ME: It also means “War” in Latin…so good luck with that.
I’m Scottish and Irish, so when I asked my grandparents for stories they’d just tell me about various family feuds.
No one is as glued to any piece of reading material as a parent counting down the songs in the program of a really boring school concert.
Remember folks, the camera adds ten pounds – unless you’re good at selfie angles like me, in which case it subtracts 30 *wink
date: what do you do for a living?
me: i make trojan horses
date: that’s not what i’d expect
me: yah that’s the idea
I cannot imagine being as bored as the first person to poach an egg
Me: so I’ve been a little unclear regarding everything you’ve asked me to do since Monday
Boss: Jesus
Me: let me finish. In February. 2011.
“did I catch you at a bad time?”
– yeah, I’m awake and I’m sober
I have started a band called Free Beer.
When people see our sign ‘Free Beer Tomorrow at 9PM’ I’m sure everyone is going to be there.
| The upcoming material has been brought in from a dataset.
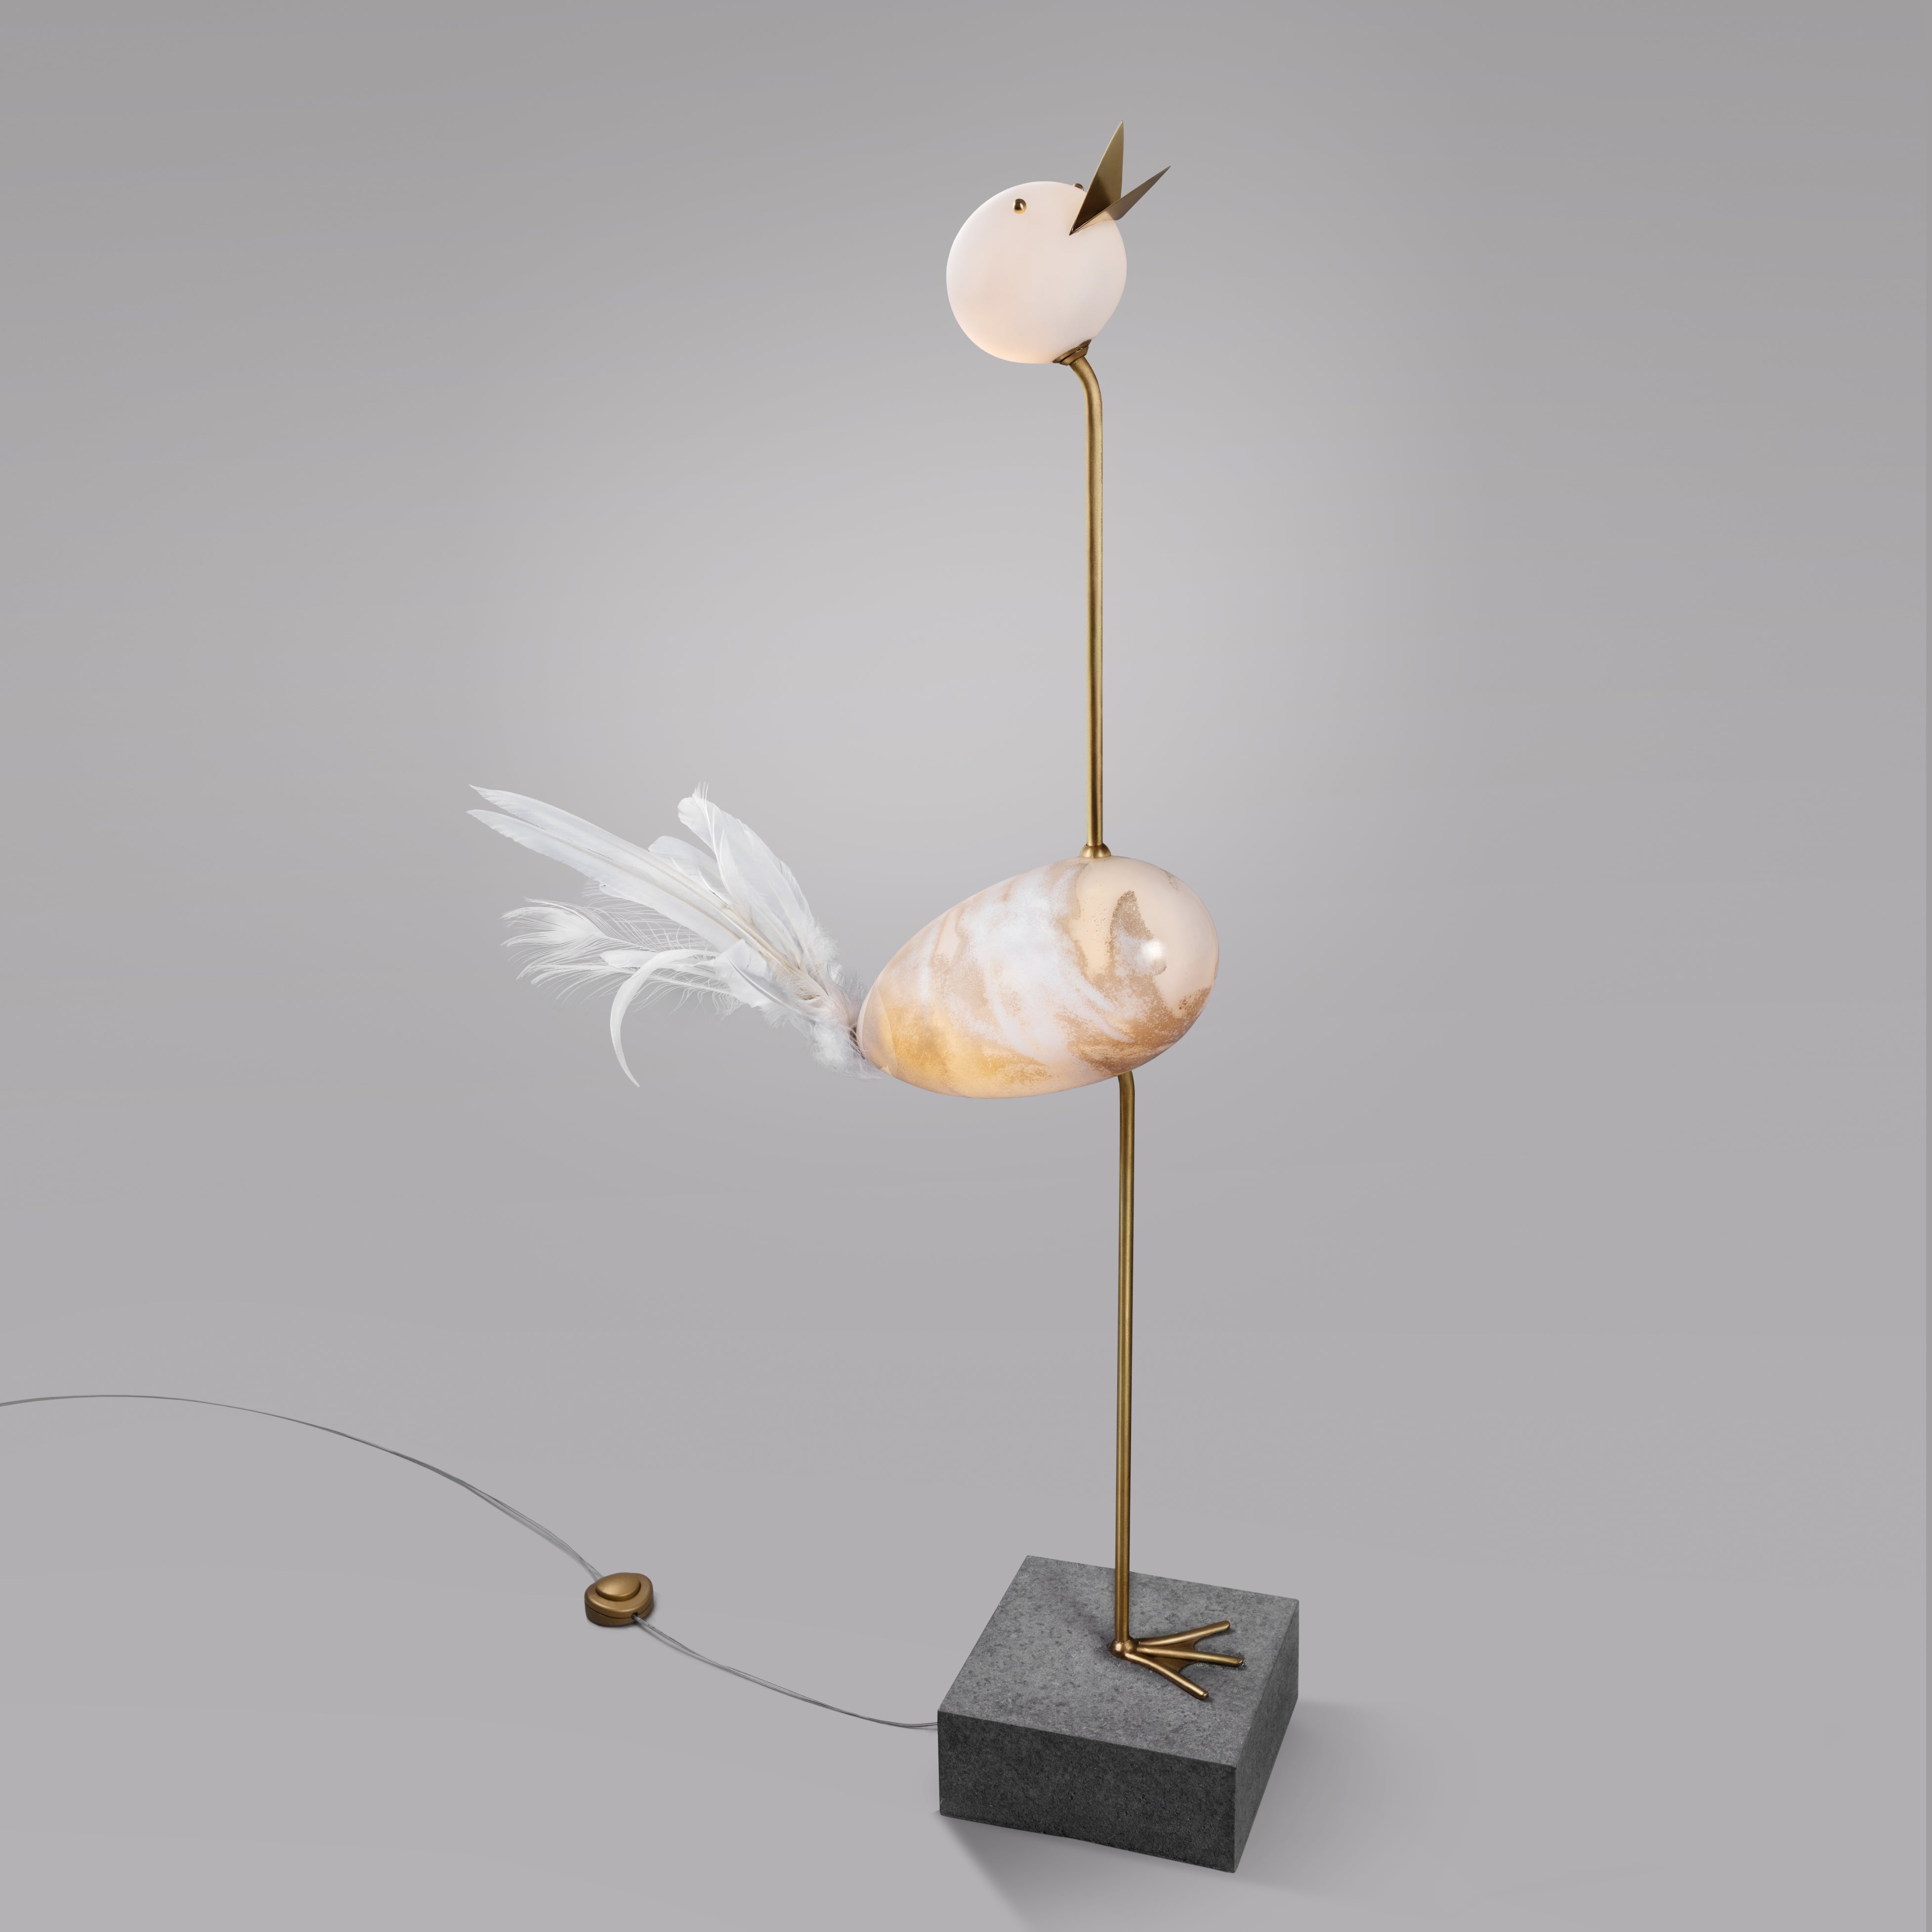 Grue, Sculpture unique de lampadaire, Ludovic Clément d'armont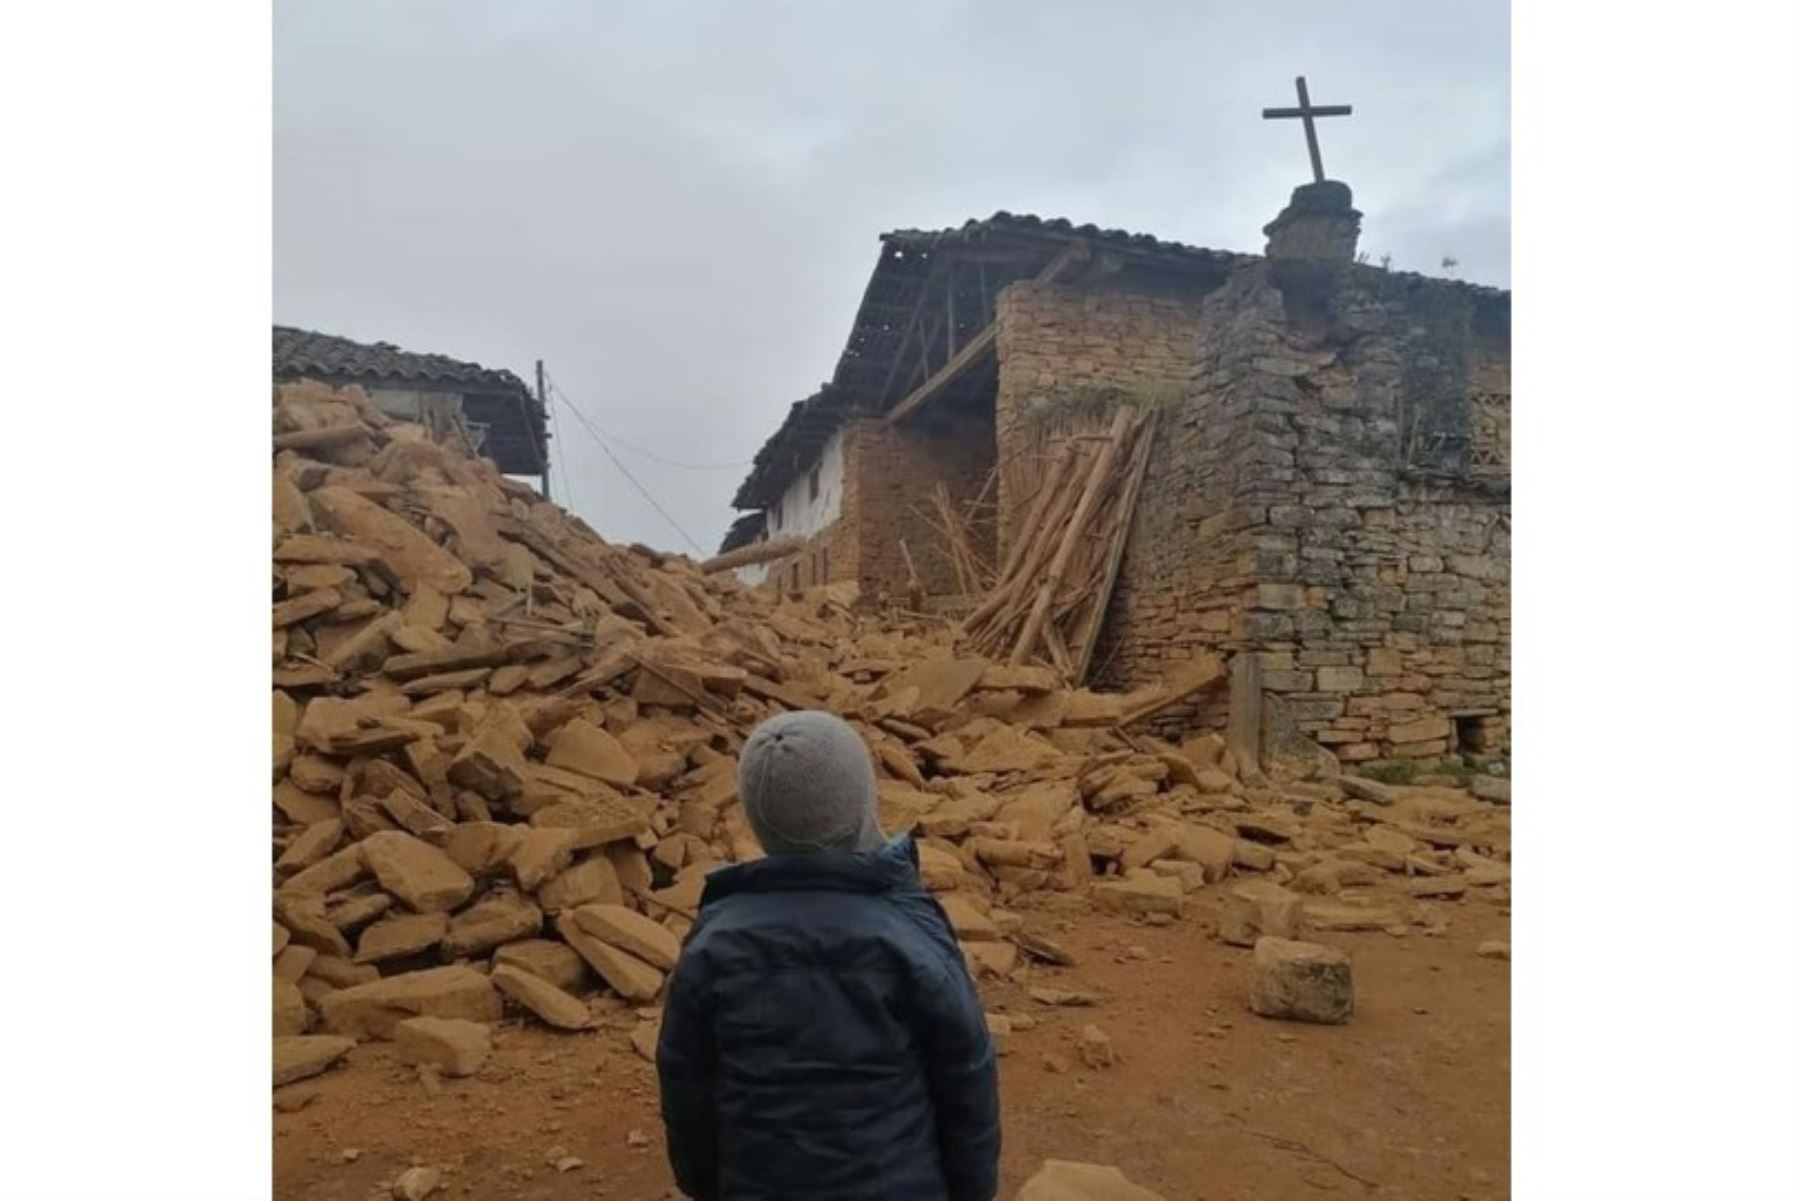 La agencia española AECI intervendrá en la recuperación de la torre de la iglesia La Jalca Grande, que resultó seriamente afectada por el fuerte sismo de magnitud 7.5 registrado a fines de noviembre en Amazonas. Foto: Facebook.

I’m biased: I have four buttocks.
A thief has removed all the motorway signs in Yorkshire. Police are currently trying to find Leeds.
I’m so proud of two weeks ago me for anticipating I would want a ripe avocado today
If you trip over nunchucks in the bathroom, you probably have kids.
Or a really crappy ninja is hiding in your shower.
Goth karate is easy because you already start off with a black belt.
I treat people the way I would like to be treated and that is why I will never give you driving directions that start with Go east.